Menurut Dian, tantangan terbesar dalam menangani kasus ini bukan hanya terletak pada aspek keamanan sistem perbankan itu sendiri, melainkan pada kecepatan dana hasil kejahatan yang dialihkan ke aset kripto internasional. “Ini bukan kejahatan individual. Kami menduga kuat ini adalah organized crime,” ujar Dian di Jakarta, Senin (15/12). “Yang paling mengkhawatirkan, dananya segera dialihkan ke kripto global sehingga pelacakan menjadi sangat sulit.”

Ketika dana hasil kejahatan telah berpindah ke jaringan kripto internasional, otoritas nasional menghadapi keterbatasan signifikan dalam upaya pemblokiran secara cepat. “Begitu dana masuk ke kripto internasional, kami praktis kehilangan jejak. Inilah tantangan utama yang sedang kami hadapi,” lanjutnya. Keterbatasan ini menyoroti kompleksitas penegakan hukum dalam era digital yang semakin terintegrasi secara global.

Keamanan Siber: Kompleksitas yang Terus Berkembang

Menanggapi isu keamanan sistem BPD, OJK menegaskan bahwa kejahatan siber saat ini berkembang dengan sangat pesat dan semakin kompleks. Oleh karena itu, masalah ini tidak dapat disederhanakan semata-mata sebagai kelemahan satu institusi atau sistem tertentu. “Persoalan scam dan cyber attack ini memang sangat kompleks. Hampir semua negara menghadapi tantangan yang sama,” kata Dian.

Perkembangan teknologi yang pesat memungkinkan pelaku kejahatan siber untuk terus mencari celah baru dan mengembangkan metode serangan yang semakin canggih. Hal ini menuntut kesiapsiagaan dan adaptasi yang berkelanjutan dari seluruh pihak, baik lembaga keuangan maupun regulator, untuk menjaga keamanan sistem dan aset nasabah.

Penguatan Koordinasi dan Upaya Internasional

Menghadapi tantangan ini, OJK secara aktif memperkuat koordinasi dengan Bank Indonesia (BI). Fokus utama kolaborasi ini adalah untuk merespons secara efektif insiden yang terjadi pada kanal BI-Fast, sekaligus mendorong langkah-langkah bersama di tingkat internasional.
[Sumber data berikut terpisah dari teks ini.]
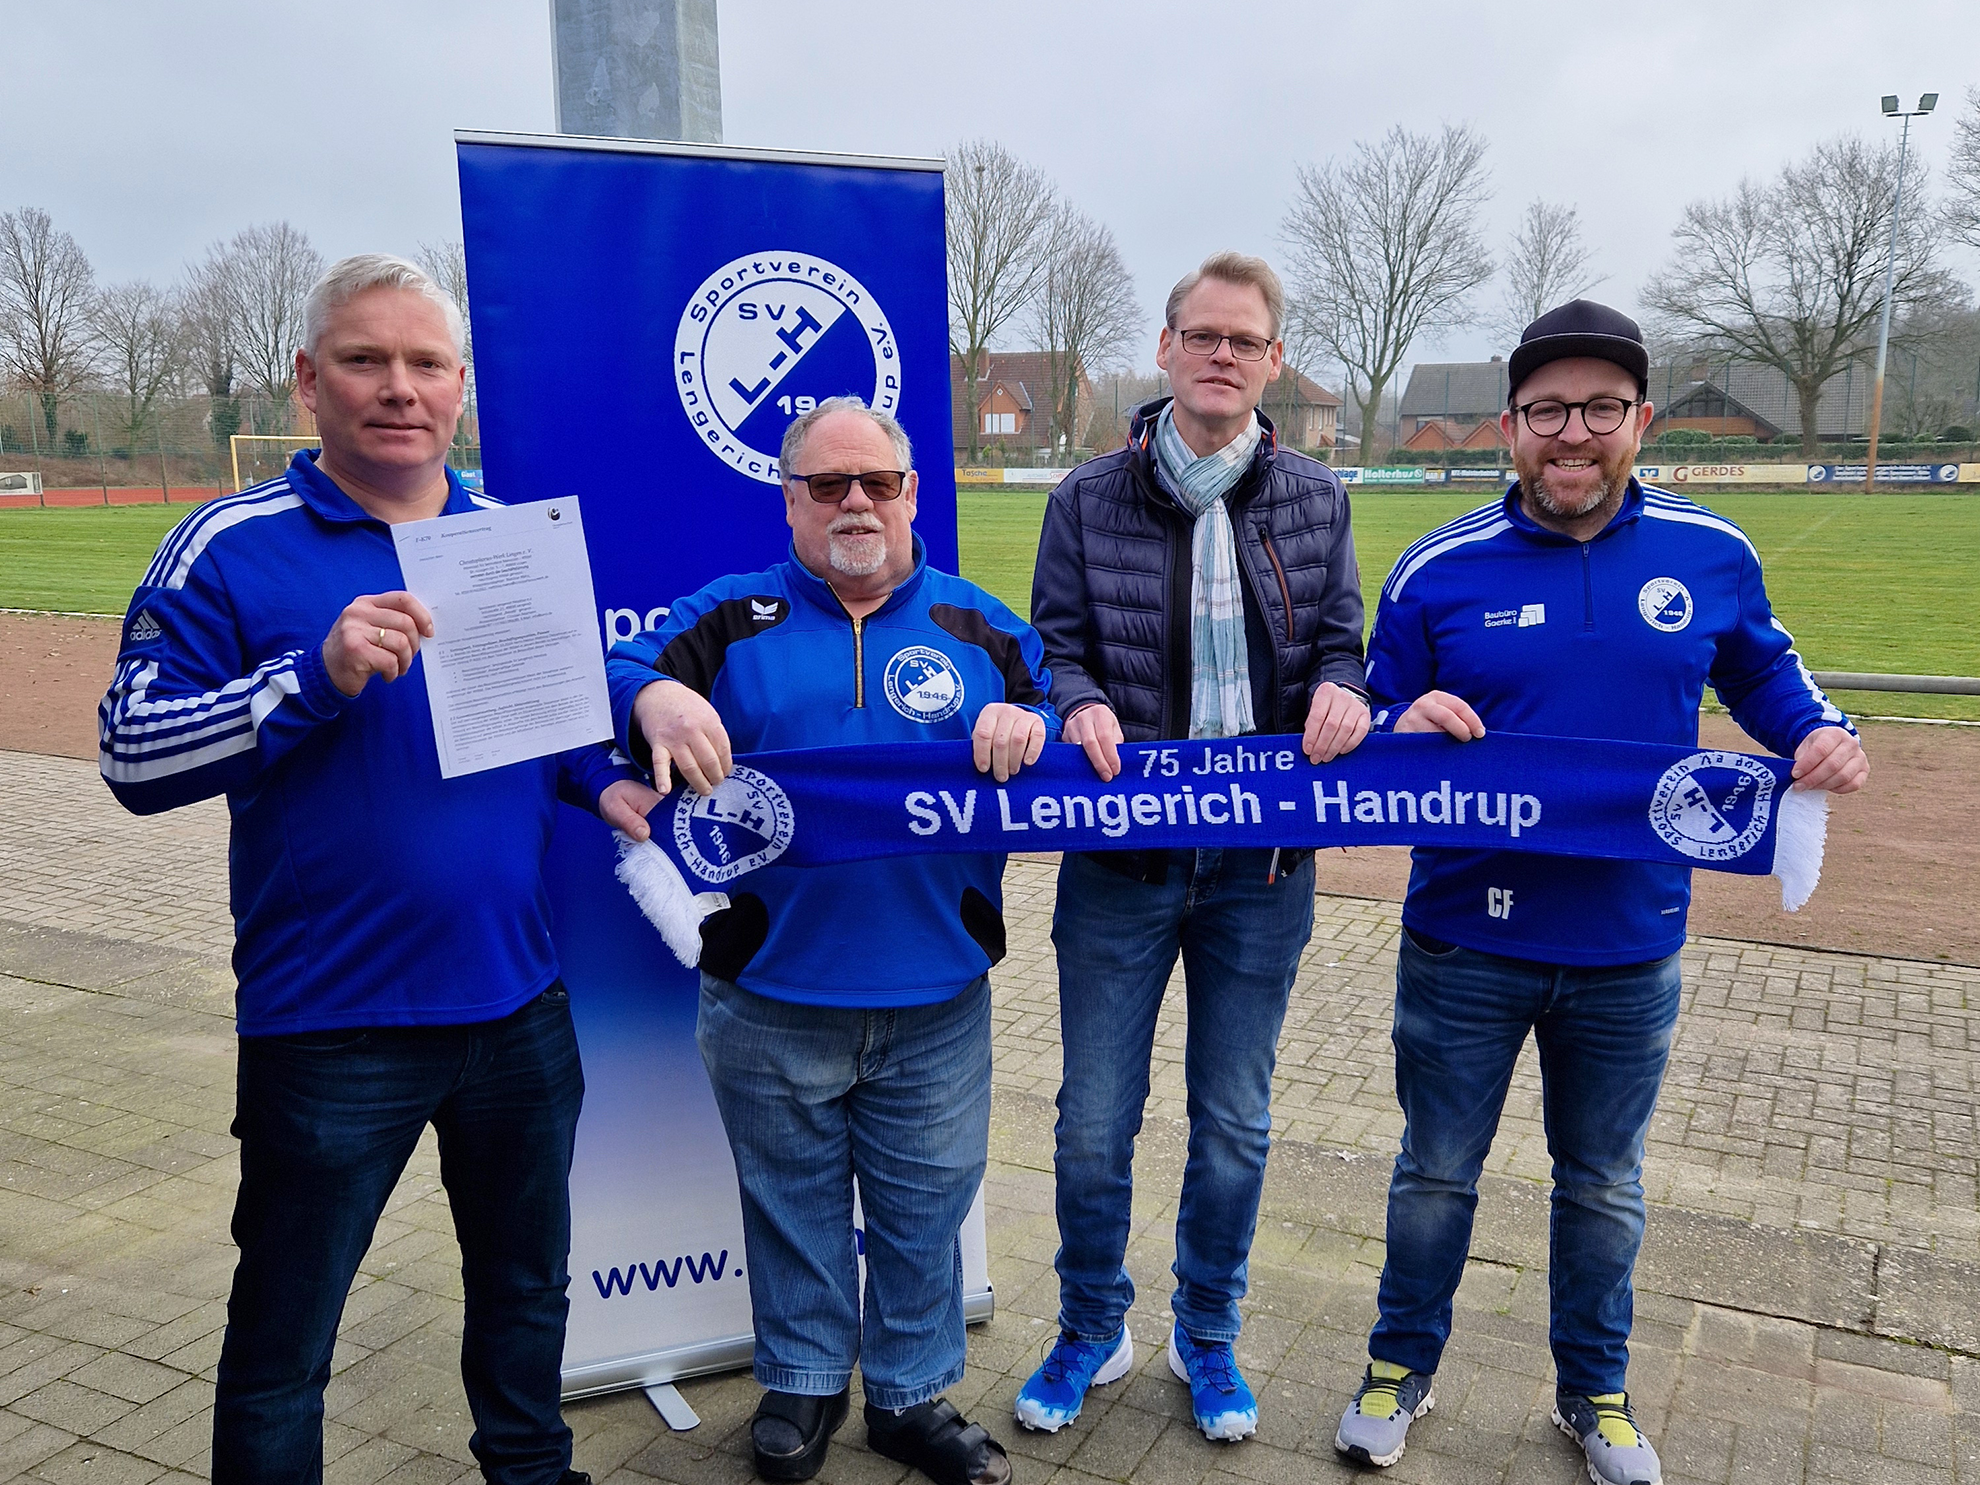 Man sieht vier Männer in blauen Sportjacken vor einem Sportplatz. Ein Mann hält ein Blatt Papier in den Händen, die anderen drei halten gemeinsam einen Vereinsschal.
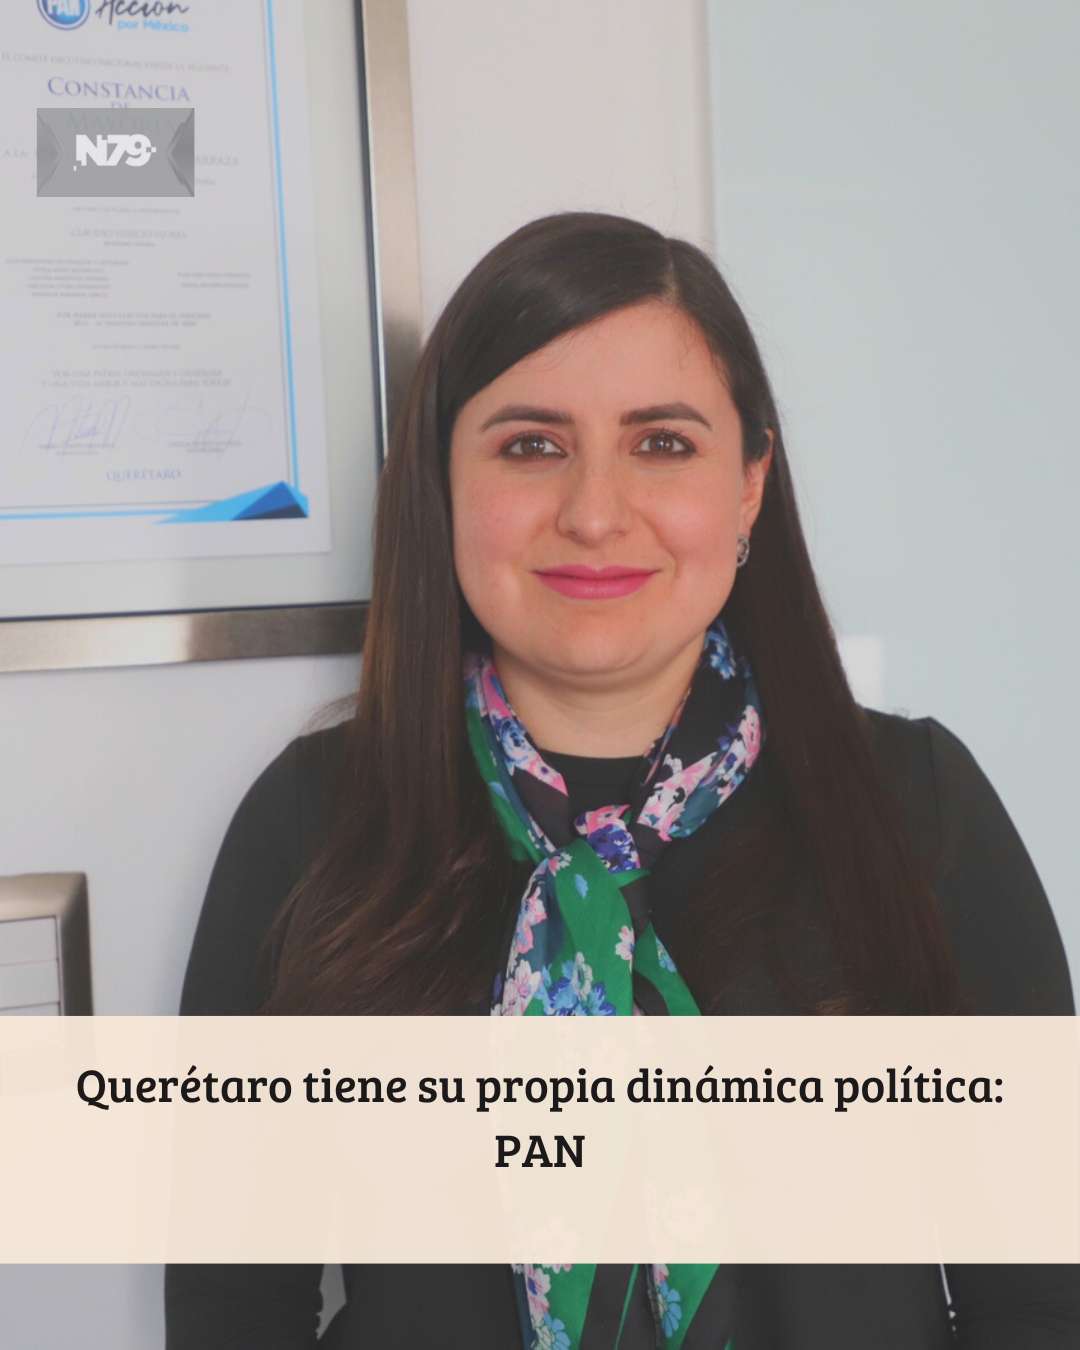 Querétaro tiene su propia dinámica política PAN

“Kami bersama Bank Indonesia sedang mendorong agar isu ini diangkat sebagai persoalan global. Penanganannya tidak bisa dilakukan oleh satu negara saja,” tegas Dian. Komitmen ini telah dibahas dalam berbagai forum internasional yang melibatkan otoritas keuangan dari berbagai negara. Hal ini penting mengingat praktik kejahatan siber dan pencucian dana yang berbasis kripto telah menjadi fenomena global yang memerlukan solusi kolektif.

Dian menambahkan, banyak negara lain yang juga menjadi korban dari jenis kejahatan ini. Oleh karena itu, upaya pemberantasannya harus dilakukan secara kolektif oleh seluruh negara yang terkait. Kolaborasi internasional menjadi kunci untuk membangun kerangka kerja yang lebih kuat dalam pencegahan, deteksi, dan penindakan kejahatan siber lintas negara.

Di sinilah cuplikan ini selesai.